Immediate context: ‘the largest IT outage in history’ the global IT outage that happened on 18th and 19th July 2024, due to issues arising from a cybersecurity software used by large enterprises across the world (CrowdStrike), and the Windows operating system. This led to the disruption to normal daily activities across the world: cancelled and grounded flights, disrupted medical processes and more.
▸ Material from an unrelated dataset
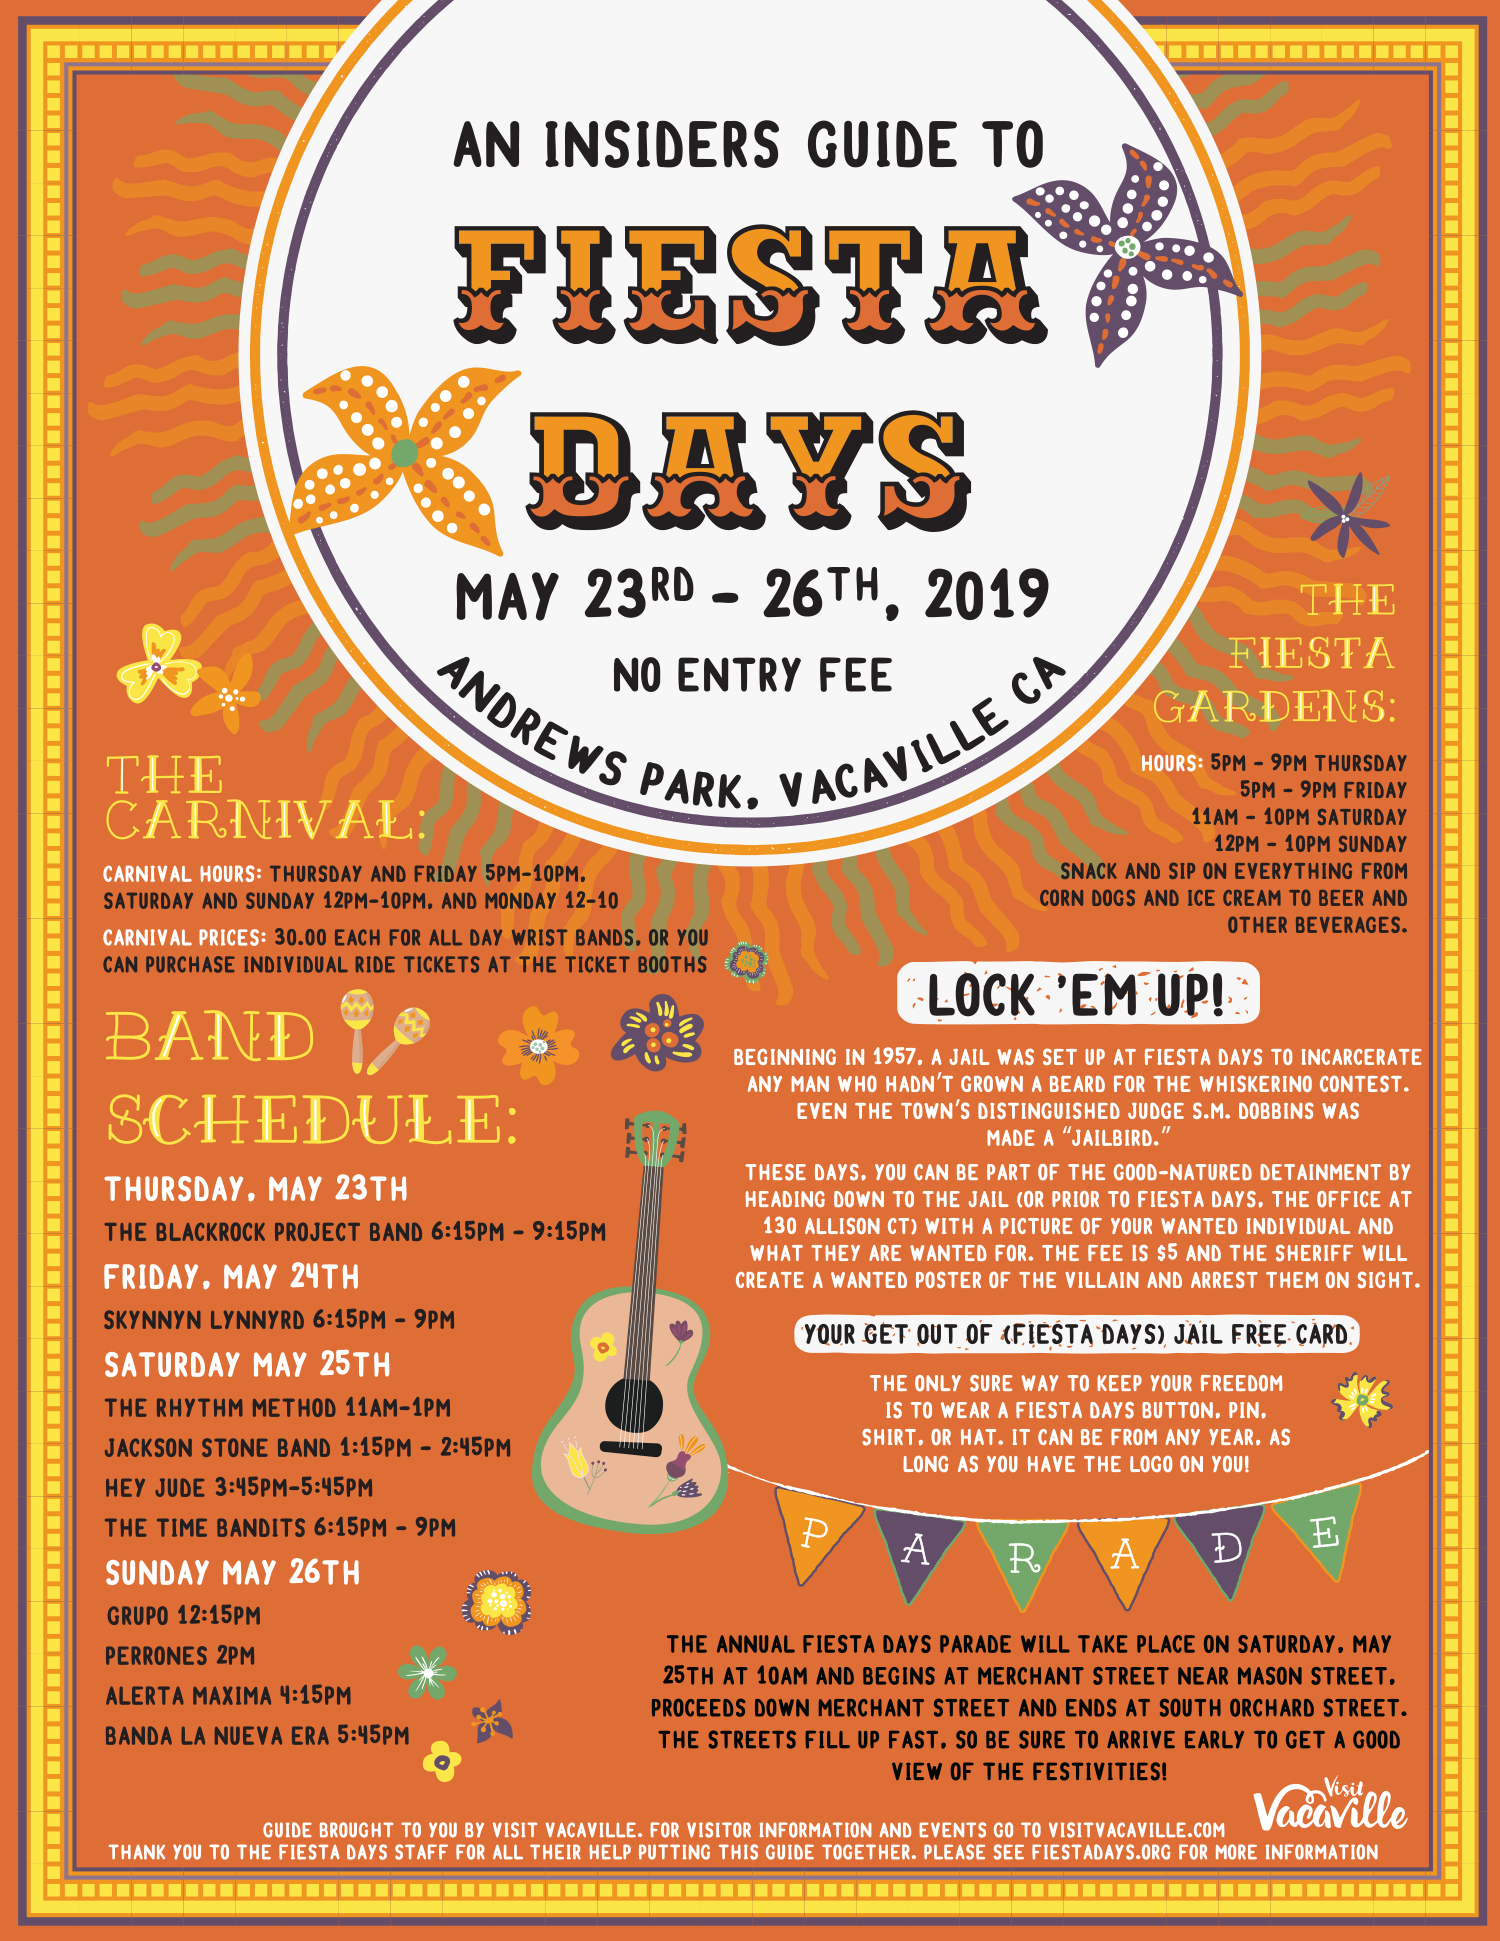 Vacaville Fiesta Days - Visit Vacaville

The incident has rightly been described as “showing the fragility of the digitally connected world”.
Take the aviation sector, for instance. Aviation could be considered as one of the most safety-critical engineering/technology domain. The mechanical (and electronic and electrical) engineering involved in aviation is grounded in mature safety principles like redundancy, fail-safes, fail-overs, bypass, fault tolerance, fault isolation, and such. The internet-involved software-based computer technology (“the digital world”) is still a long way away from such levels of safety/security maturity.
The CrowdStrike+Windows incident juxtaposes the maturity of aviation engineering and the immaturity of digital engineering.
What’s the takeaway?
Firstly, it’s to be acknowledged that there are fundamental weaknesses in the “digital ecosystem”. It’s not a mature field like civil, mechanical, or electrical engineering.
It’s time to stop treating the digital revolution or digital transformation like a gold rush, and to instead invest in the maturing and careful understanding of the technology and systems involved.